Ghostvillage.com Author Interview
Richard Kimmel has been collecting World War II memorabilia for several decades, but it wasn’t until a few years ago that he discovered some of his many items seemed to have something attached to them. Through working with a pendulum and several psychics, he claims to have identified the origin and locations where the items came from. The idea is called psychometry, and he’s applied it to his vast collection. In his new book, WWII Ghosts, Kimmel takes readers through his collection with photographs and descriptions as well as the accounts of the psychics he worked with. Ghostvillage.com caught up with Richard to ask him about his work.
When did you first start collecting World War II memorabilia?
Richard Kimmel: I actually began with collecting the wartime postal issues back in the middle 1940’s. Then, as the neighborhood G.I’s began returning home from WWII, I was fortunate, as many of the neighborhood kids were, to be given a few souvenirs; war booty as I recall them calling it.

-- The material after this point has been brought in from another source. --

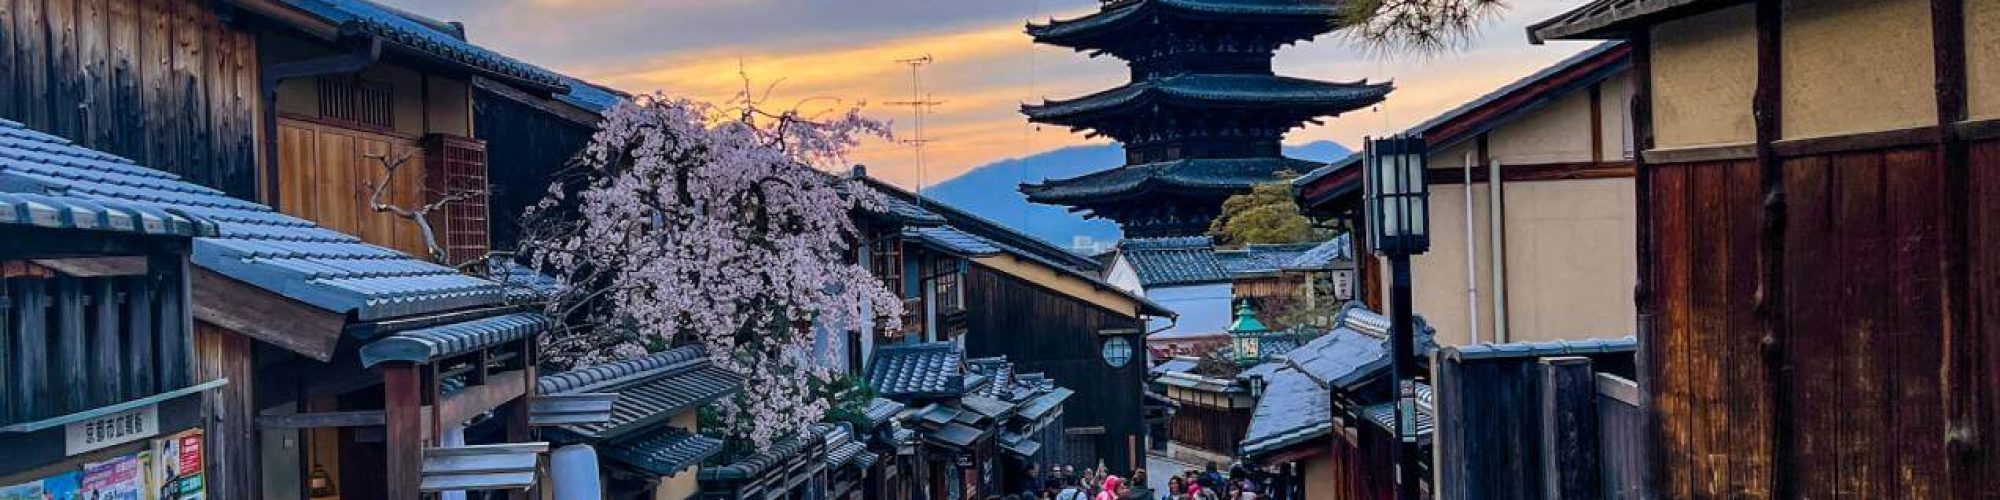 Kyoto: Gion
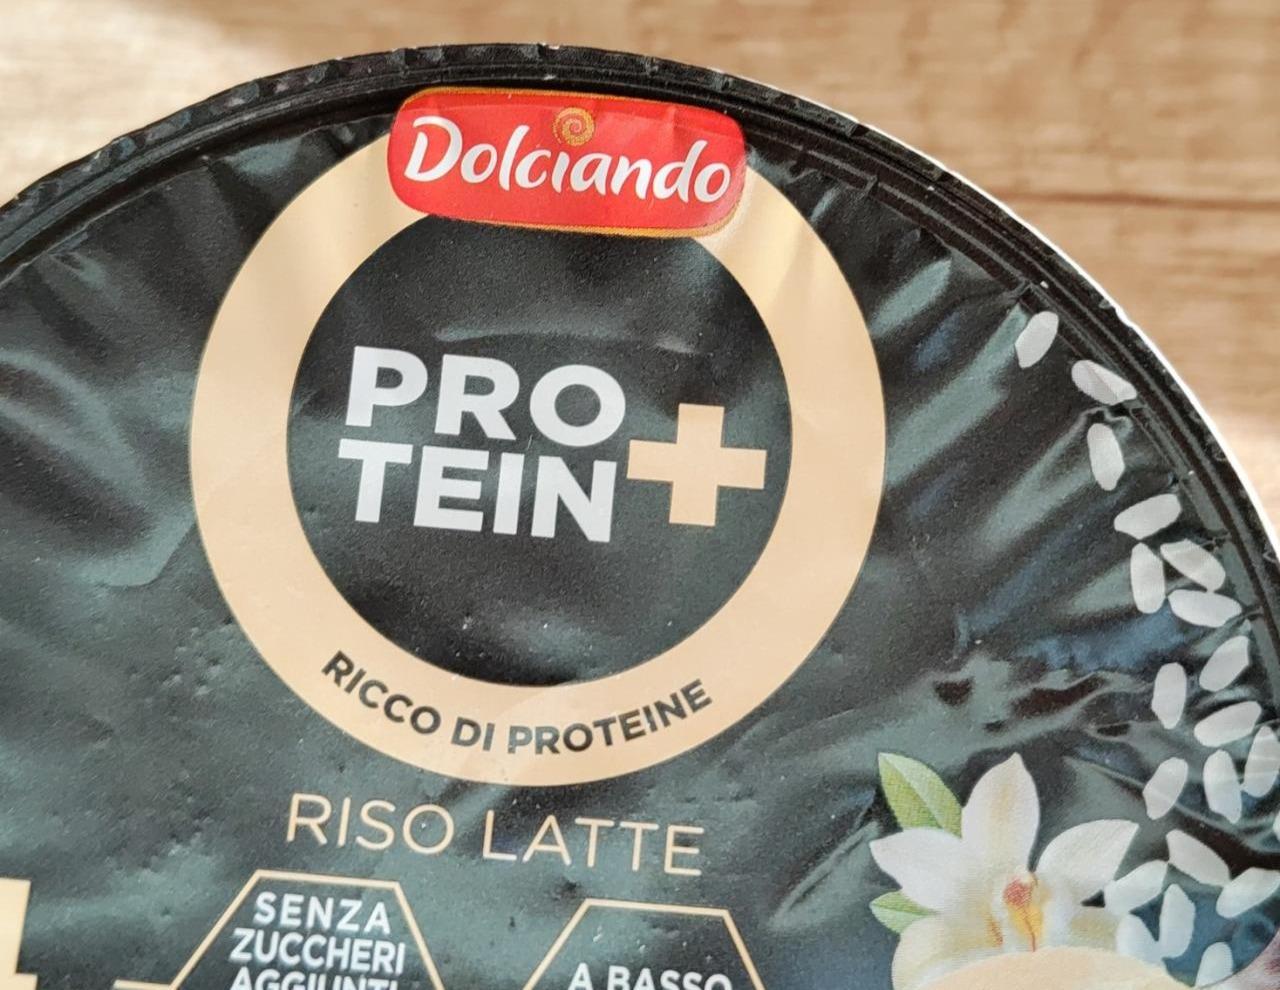 Fotografie - Protein+ Riso Latte Vaniglia Dolciando

I still have one of the items.
What made you think that there might be something spiritual attached to these objects?
As I progressed with collecting these wartime artifacts, after a span of about ten years had passed, I began to attend some of the military collecting shows. I recall that early on, even back as far as the middle 1940’s, when I held some of these artifacts I had strange, unexplainable (at the time), feelings. Not relating any connection to the paranormal until after I had my cardiac surgery in 2004, new experiences began to open to me.
Have you practiced psychometry on other objects in the past?
In the past, no. However, when my daughter, Karen founded the New Jersey Ghost Organization, which I am a member, I began to use psychometry in conjunction with our investigations.
Do you believe all objects might hold some imprint of its owner or the place where it came from?
I have discovered that not all objects have energy coming from them. From my experience in working with artifacts, I more often than not connect with energy from those having been ground-dug in wartime areas, but not confined to those areas as artifacts in general may have a connection to its past or original owner. This depends on how strong their feelings were to the item. One must also consider residual energy which can play an important part in being able to present a past event. In my researching an artifact this is very important, as both an interactive or a residual connection can present unknown facts that may be connected to the past, the original owner, or circumstances surrounding the artifact.
You call your work “paranormal archeology.” What do you think we can learn from this practice?
Much can be learned from these artifacts, even to the extent of possibly changing history, simply because through residual psychic visions and first-hand information from the spirit who may be connected to the artifact, you can get a clearer picture of what may have ensued during a specific wartime battle that has not been presented by the historians of the time.
What is your favorite piece in your collection, and what readings have you gleaned from that piece?
To answer this question I’m going to refer to Chapter Thirty-One in my book “The Mystery of the Walking Stick,” having a profound connection to Adolf Hitler.
How do you use psychics in your work?
When I first discover that an artifact has energy connected to it, using my pendulum, I will ask one or several of my psychics, mostly renowned psychic, Jane Doherty, for an evaluation. I will never disclose any facts, other than what may be visually apparent, to the psychic. I’m told information confirming what I already know of the artifact and, more importantly, information that was not previously known. When I continue researching the artifact, I usually find that the previously unknown information proves to be factual.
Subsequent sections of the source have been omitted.